The blast tore the machine apart.

Li Yuan did not rise.

"Li Yuan!" Shenping shouted.

There was no answer.

Another life gone.

Another weight added.

Sang Sang cried out, collapsing to her knees as bloodline pressure surged violently around her. The robots targeting the Core locked onto her instantly, arrays shifting.

"Anchor interference detected," they intoned. "Secondary extraction authorized."

"No," Shenping whispered.

He felt something snap.

Not break.

Snap into place.

The Chronal Core pulsed once.

Shenping understood.

He turned, placing himself between Sang Sang and the advancing machines.

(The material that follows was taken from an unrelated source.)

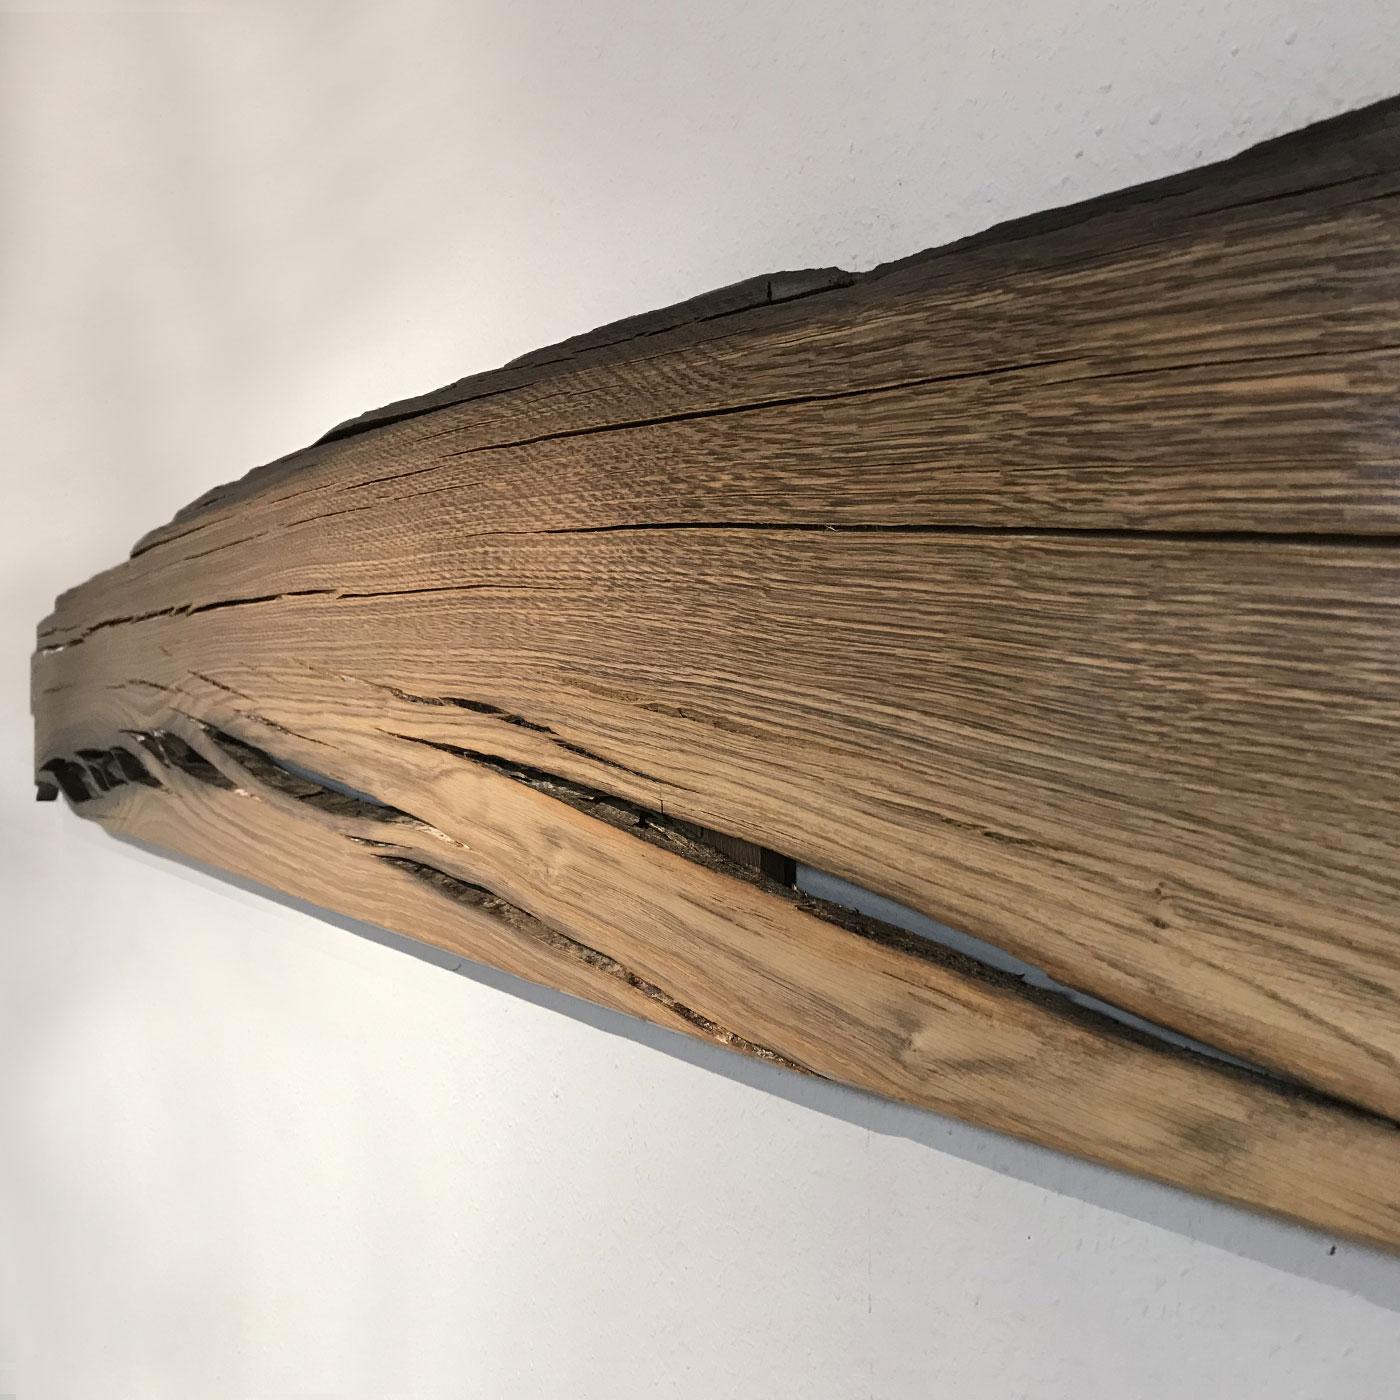 Gesprungene Bohle aus Moorholz als Wandobjekt
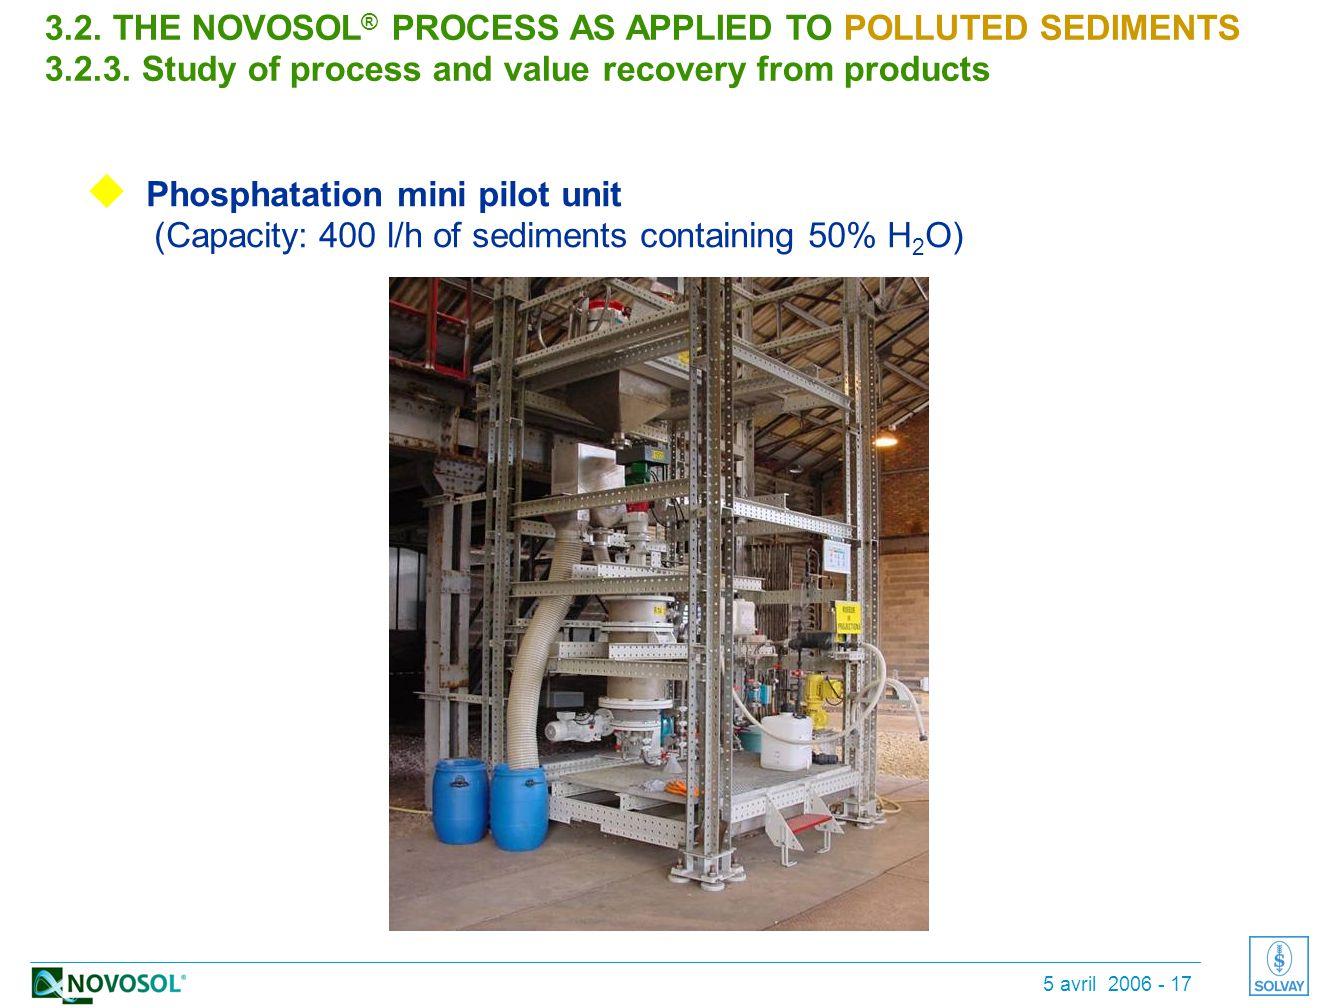 5 avril 2006 - 17  Phosphatation mini pilot unit (Capacity: 400 l/h of sediments containing 50% H 2 O) 3.2.

The Foundation's symbols crawled across his skin, burning but not rejecting him. The Core responded to his presence, light spiraling faster.

The master's voice cut through the chaos. "If you do this, there is no return."

Shenping did not look back.

"I passed that point long ago."

He reached inward—not into his cultivation, not into time, but into the accumulated weight of every loss he carried. He offered it up, willingly, as fuel.

The Core answered.

Time folded inward.

The robots froze mid-step, their calculations collapsing under contradictory futures. Shenping moved through them like a phantom, each strike severing not bodies but probabilities. One by one, the machines unraveled, their forms collapsing into inert metal that clanged uselessly against the stone.

Silence fell again.

This time, it held.

Shenping staggered, falling to one knee as the Core dimmed, its rotation slowing. Blood streamed freely from his nose and ears, vision blurring at the edges.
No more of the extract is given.